Yesterday me and my esteemed colleague Devonte Smith were sitting around kicking the fat when who’s face should appear on television? Why it was Brett Favre of course, you all remember him right? He’s the over-the-hill-do gooder-son of a bitch-motherfucker who could have retired a playground legend and spent his twilight years getting busy with every available chick in all of Wisconsin. But instead he chose to corrupt my wonderfully dirty city of New York by bringing his Peter Pan syndrome over here to East Coast. Have some damn respect for yourself Brett, hang it the fuck up and keep it hung the fuck up. People in Wisconsin loved you, you had a lifetime of free drinks to look forward to and now what do you have? Two things Brett, Jack and shit, and Jack left town.
Anyway, it was a post game interview and the sound on the TV was muted. I didn’t catch the game that day, so when I asked D. Smith whether or not the Jets won, I immediately corrected myself by exclaiming “What am I talking about, OF COURSE they won! Favre isn’t bawling his eyes out for the press, which means victory.” Sure enough The Jets won, 20-14.

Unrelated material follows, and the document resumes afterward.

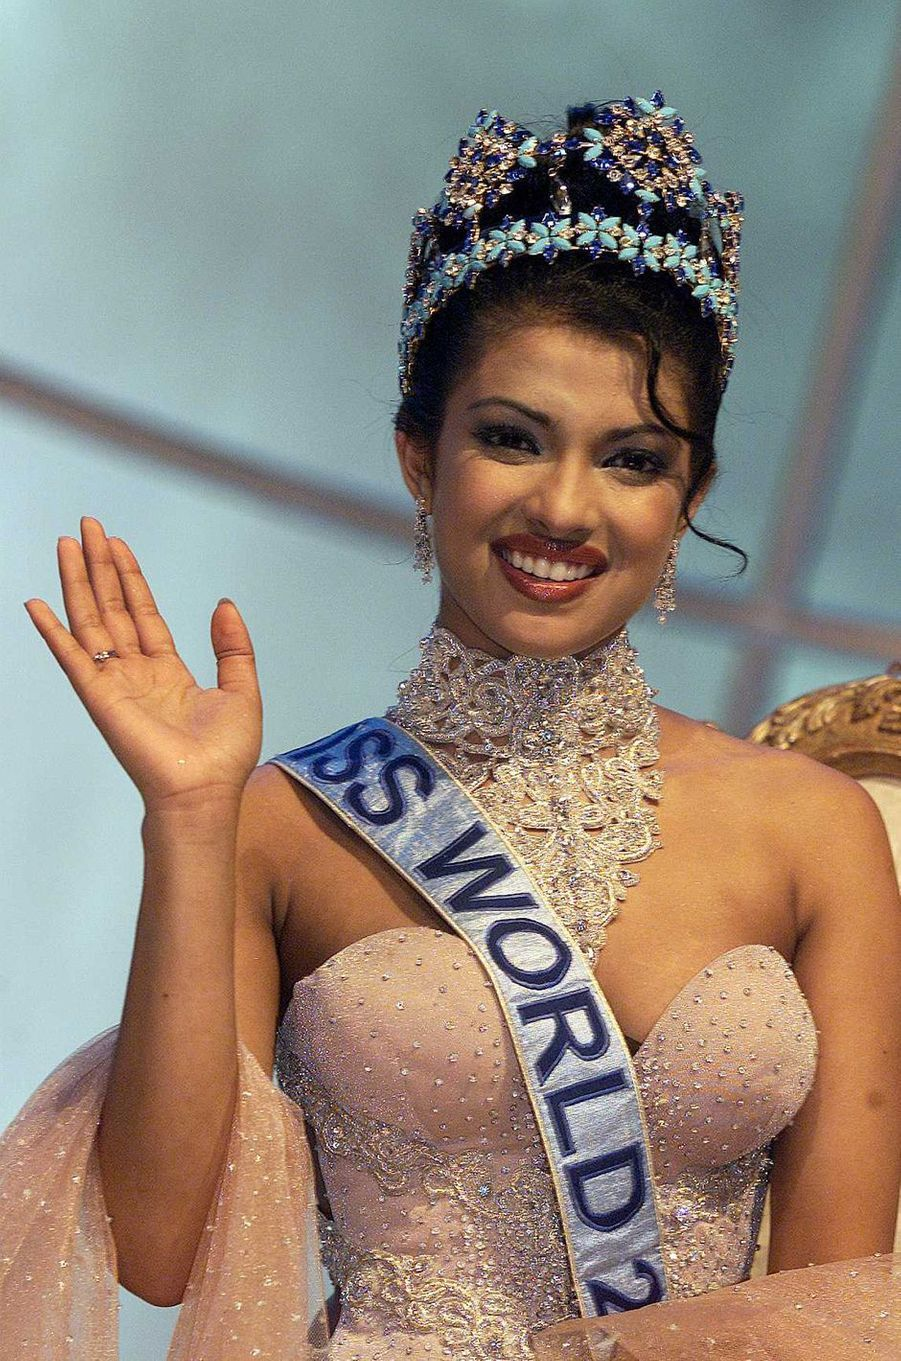 Priyanka Chopra, Miss Monde 2000, lors de son couronnement auDôme du Millénaire de Londres le 30 novembre 2000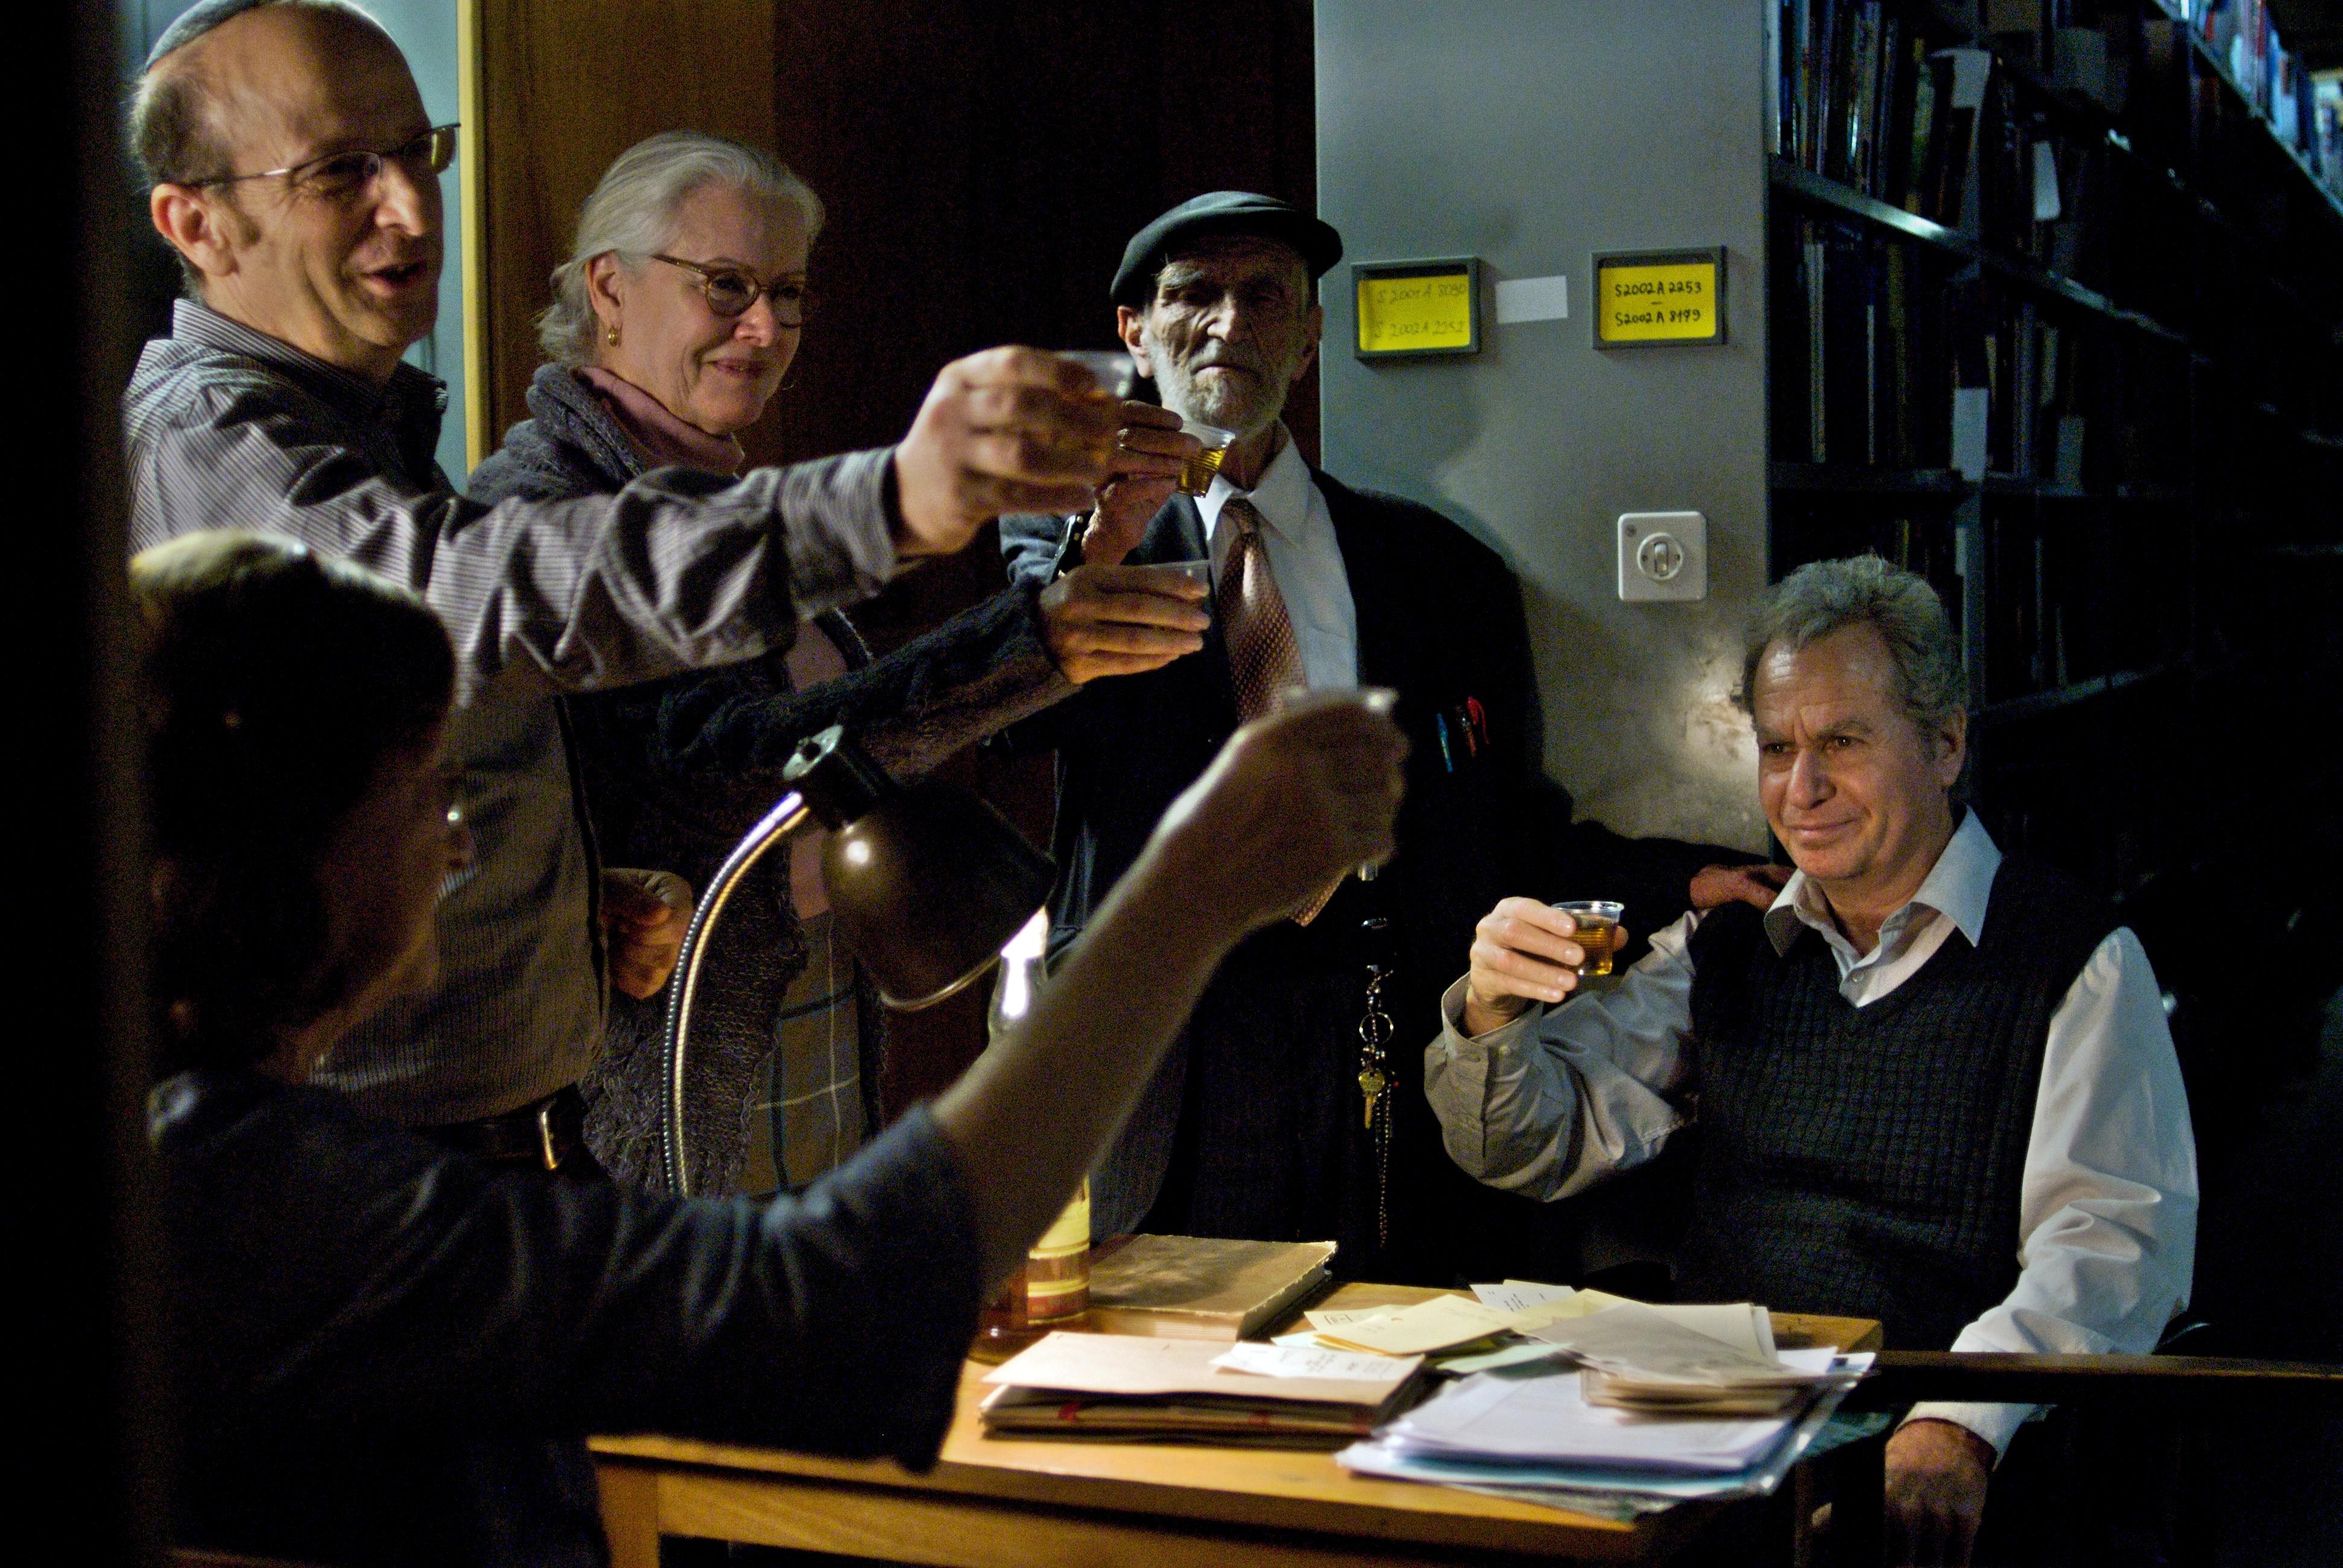 Fotograma de la película Pie de página (Footnote)

This fucking guy I swear…… He’s a damn cry baby boyscout. There’s no room for this pussy in my town. (I should mention that me and Brett Favre tangling ass in a no holds barred street fight, even with his gray pubic hair, Brett would annihilate me in under 4 seconds. Luckily in this day and age beating an anemic drunkard senseless doesn’t make you a gridiron legend.)